The protonation states of certain side-chains can often be determined from atomic resolution data. This is particularly significant for those side-chains that are part of a biochemical mechanism. One such example is the histidine in the Ser-His-Asp catalytic triad found in the serine proteases, triacylglycerol lipases and cutinase (Blow et al., 1969; Wright et al., 1969). In the atomic resolution structure of cutinase the hydrogen on the histidine is clearly visible in the electron density (Longhi et al., 1997). Such details provide a means of understanding the mechanism involved in the enzyme's activity. The protonation states of carboxylate groups have also been determined in an atomic resolution structure of triclinic lysozyme (Dauter et al., 1997). This was achieved by a combination of direct observation of the difference Fourier peaks and the C–O bond lengths, and again has functional implications.
The proteins rubredoxin and ferredoxin both contain iron-sulphur clusters to exploit their electron-transfer redox properties; rubredoxin has a single FeS4 cluster, while ferredoxin uses two Fe4S4 clusters. Measurement of the distortions of these clusters from ideal symmetry can be related to their redox potentials and help understand how these metallo-proteins achieve their biological functions (Dauter et al., 1997).

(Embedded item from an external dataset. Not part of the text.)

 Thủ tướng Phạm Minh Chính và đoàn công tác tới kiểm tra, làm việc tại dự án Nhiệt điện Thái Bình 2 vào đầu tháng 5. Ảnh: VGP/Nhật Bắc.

In other metallo-proteins it is often important to identify the metal bound in the active site. This may require very precise metal-ligand distances if metals with similar co-ordinating geometries are to be distinguished (e.g. zinc and cadmium). Or it may require reliance on other experimental techniques, such as atomic absorption spectroscopy, as used to distinguish between iron and manganese in super oxide dismutase (Bunting et al., 1997). Alternatively, the question may be what a metal's ionisation state is rather than which metal is involved. In plastocyanin, for example, which is a protein involved in electron transfer in photosystem I, the geometry of the ligands to the copper changes upon oxidation. This involves very small changes; namely, 2-3 degrees in the metal-ligand bonds and 0.04-0.21Å in the metal-ligand distances (Guss et al., 1986; Holm et al., 1996). Changes in the geometry of the copper site are also observed at different pH levels (Guss et al., 1986). In haemoglobin the low oxygen affinity of the T-state haemoglobin is manifested in tension in the iron-proximal histidine bond (Paoli et al., 1997).

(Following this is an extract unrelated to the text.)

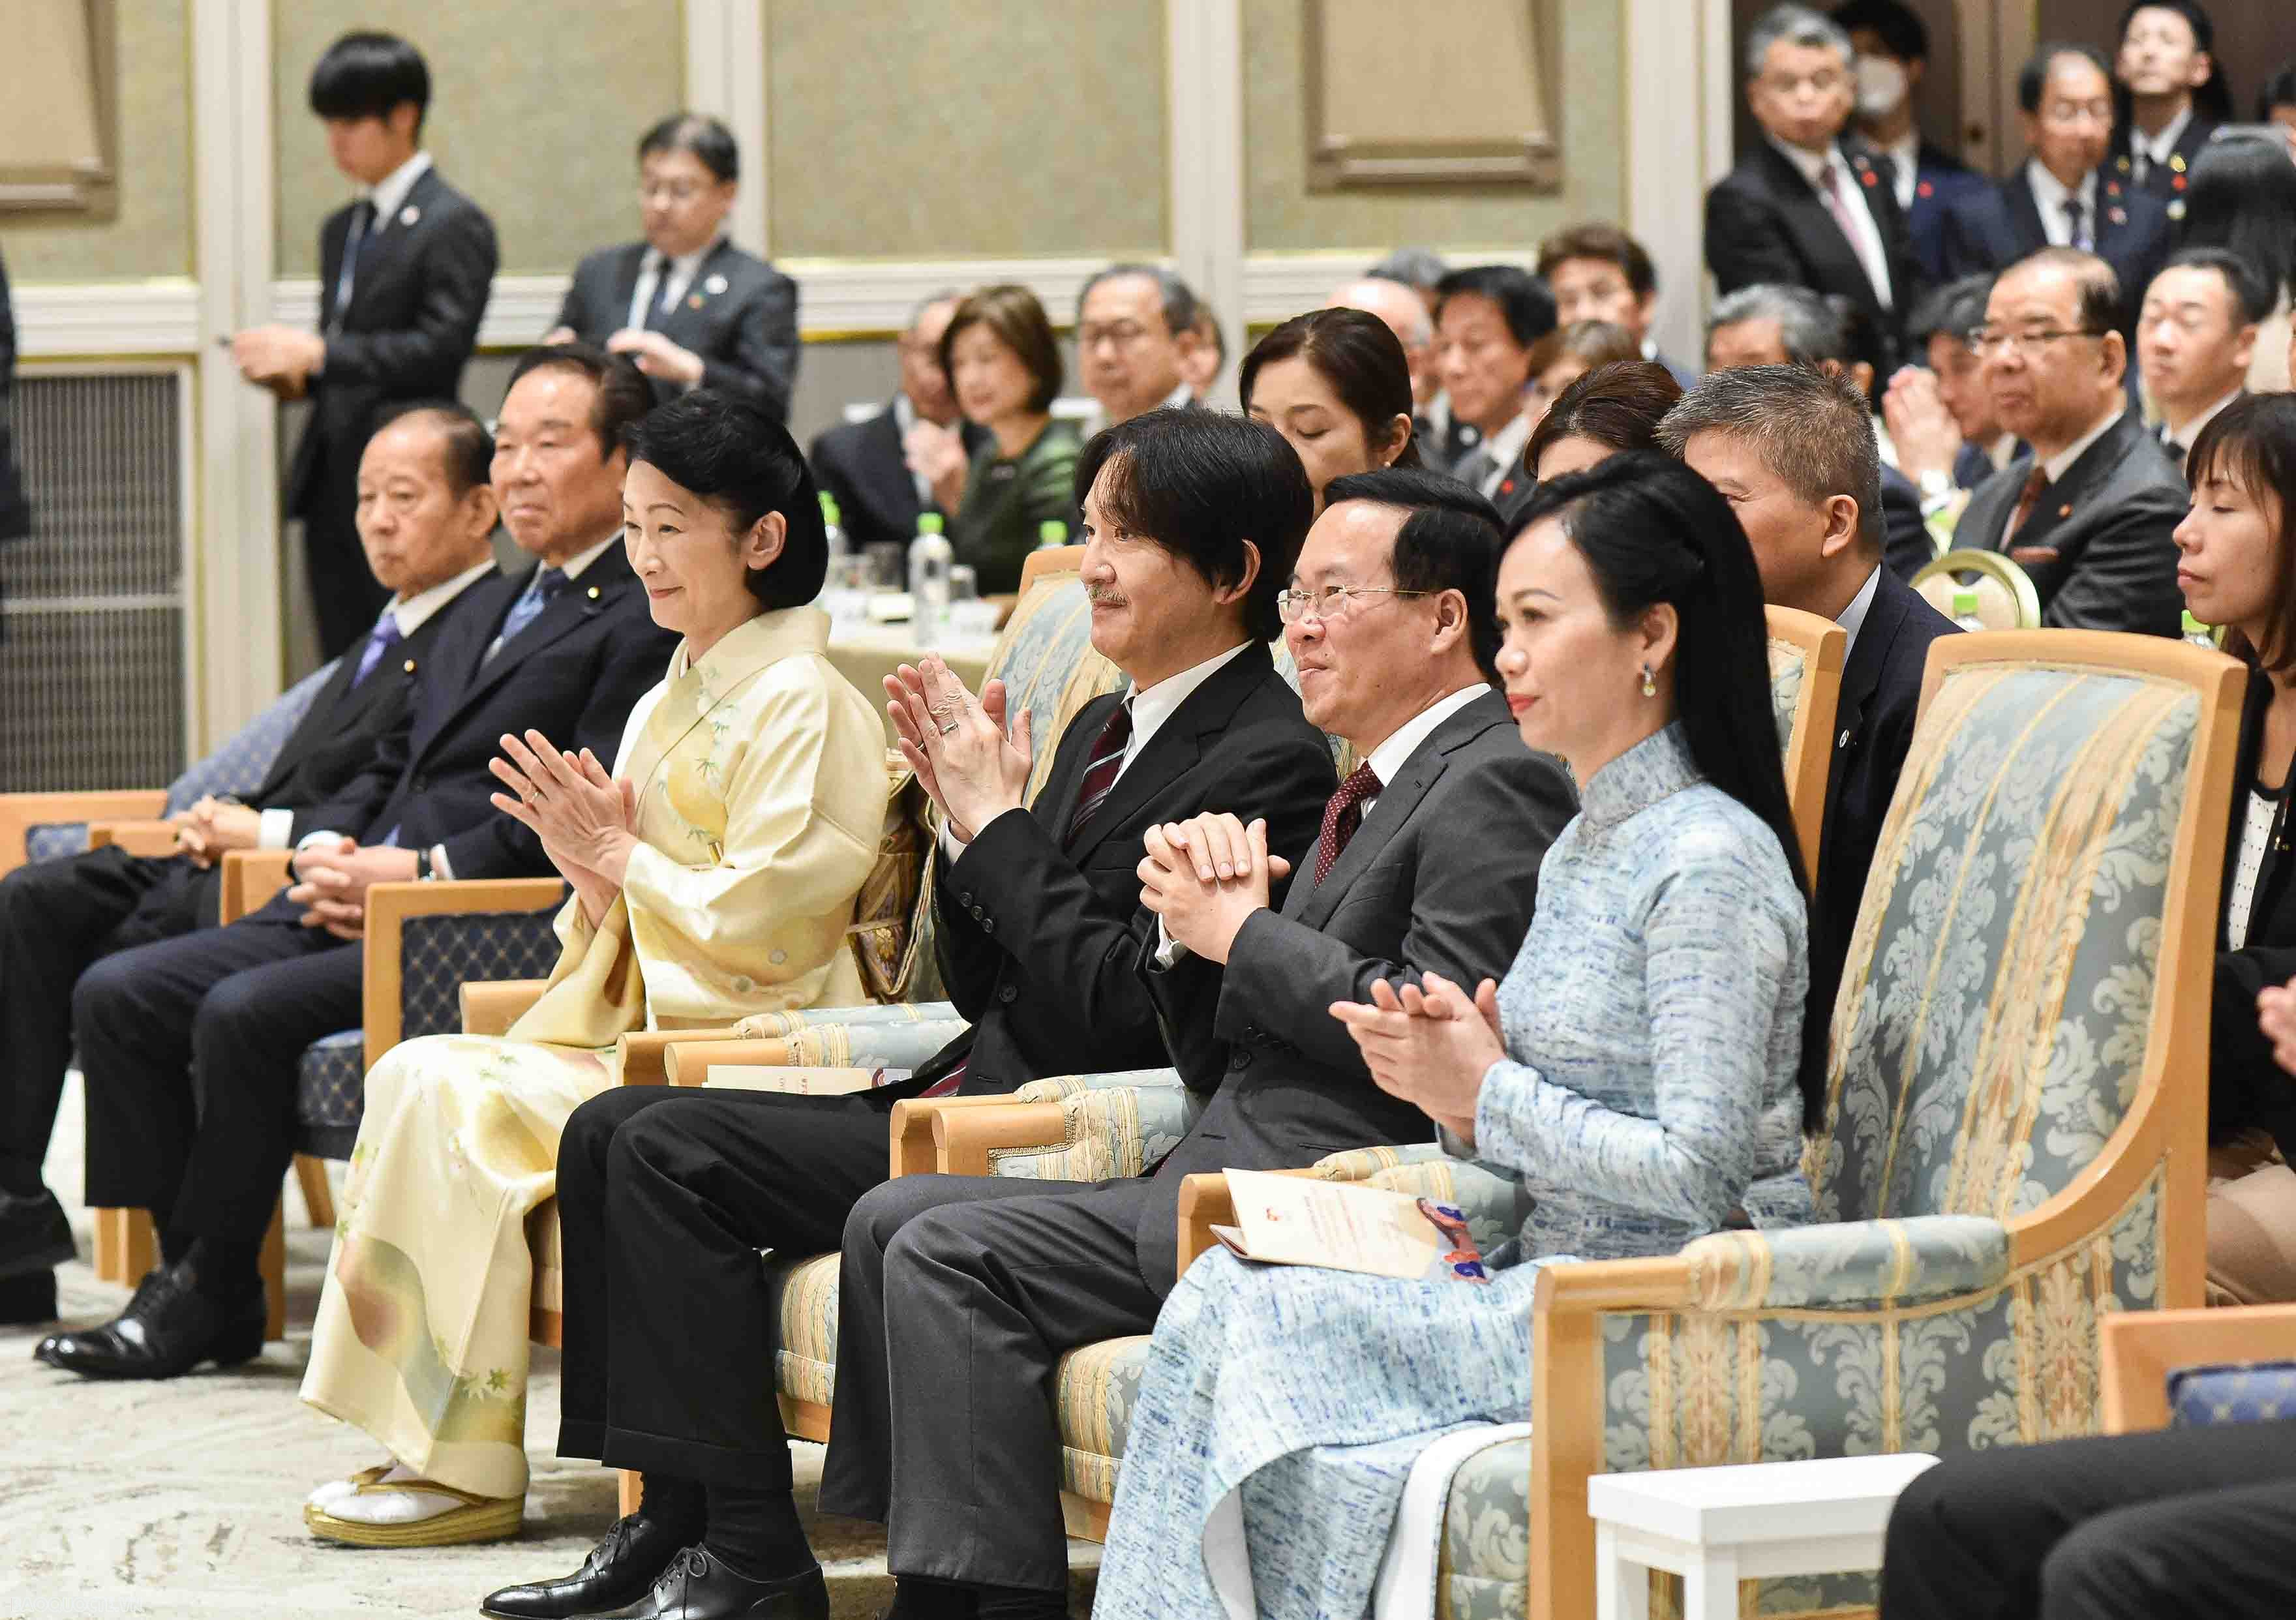 4 dấu ấn quan trọng trong chuyến thăm chính thức Nhật Bản của Chủ tịch nước và Phu nhân

Accurate atomic positions are also important for identifying hydrogen bonds and hydrogen bonding networks - which are particularly important in enzyme active sites - and for confirming the presence of unusual hydrogen bonds. For example, unusually short hydrogen bonds (of < 2.45 Å), also known as low barrier hydrogen bonds, had been postulated as having a major role in enzyme catalysis. The existence of such bonds was finally convincingly confirmed by two atomic resolution structures solved at high resolution (Wang et al., 1997).
The measurement of pore and channel sizes within protein structures also relies on accurate atomic positions and can be particularly important in distinguishing between competing theories of biological mechanism. For example, in cytochrome-c oxidase the locations of an O2 and a H2O channel have been proposed on the basis of a 2.8Å structure (Tsukihara et al., 1996), but their existence and functional significance have yet to be proved (Ferguson-Miller & Babcock, 1996).
Of course, not all macromolecular structures can be solved to atomic resolution, particularly where the structures or complexes are large. However, what is important for any experimentally determined structure is that an estimate of its accuracy and precision be given so that it is possible to decide what kind of biological conclusions can be justifiably drawn from it. Are differences/similarities in active site geometry significant? How accurate are metal-ligand or metal-metal bonds? Can protonation states be reliably determined? Do the given side-chain conformations have any meaning?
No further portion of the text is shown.